20. A method for promoting, restoring, or maintaining pericyte attachment to blood vessels in a patient, the method comprising administering to the patient a formulation according to any one of claims 1 to 10.
21. A method for treating a vascular disease in a patient, the method comprising administering to the patient a formulation according to any one of claims 1 to 10.
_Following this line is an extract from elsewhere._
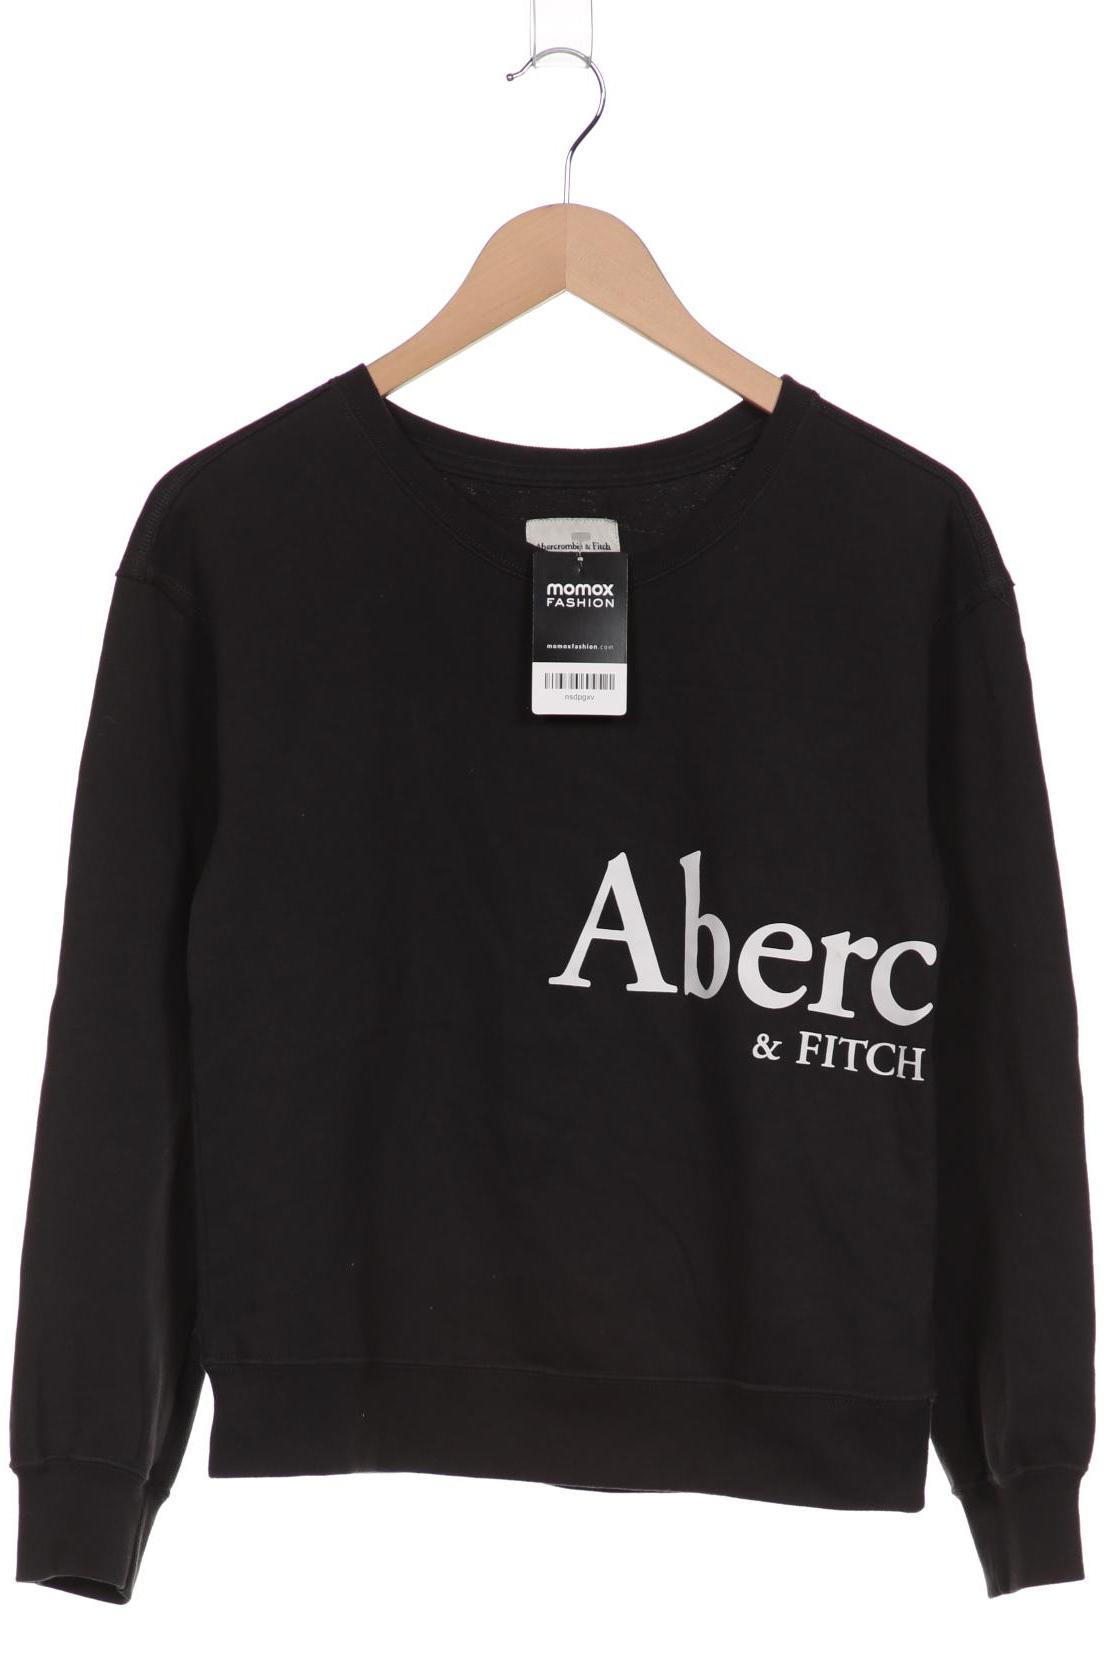 Abercrombie & Fitch Damen Sweatshirt, schwarz von Abercrombie & Fitch

22. Vascular diseases include diabetic complications, chronic kidney disease (CKD), small vessel diseases, and central nervous system (CNS) diseases; preferably hypertensive nephropathy, IgA nephropathy, congenital nephrotic syndrome, lupus nephritis, polycystic kidney disease, and allograft nephropathy; autosomal dominant cerebral arteriovenous disease (Cadasil) with subcortical infarction and leukoencephalopathy, autosomal recessive cerebral arteriovenous disease (Carasil) with subcortical infarction and leukoencephalopathy, and cerebral amyloidosis. The method according to claim 21, selected from dangiopathies (CAA), retinal vascular disorders with cerebral leukoencephalopathy and systemic symptoms (RVCL-S), hereditary hemorrhagic telangiectasia (HHT), and cavernous hemangioma (CCM); stroke, epilepsy, spinal cord injury, vascular dementia, Alzheimer's disease, Huntington's disease, Parkinson's disease, traumatic brain injury, multiple sclerosis, amyotrophic lateral sclerosis, and radiation necrosis.
23. A method for maturing an organoid and / or organ-on-a-chip model system, comprising using a formulation according to any one of claims 1 to 10 or a compound defined in any one of claims 1 to 10.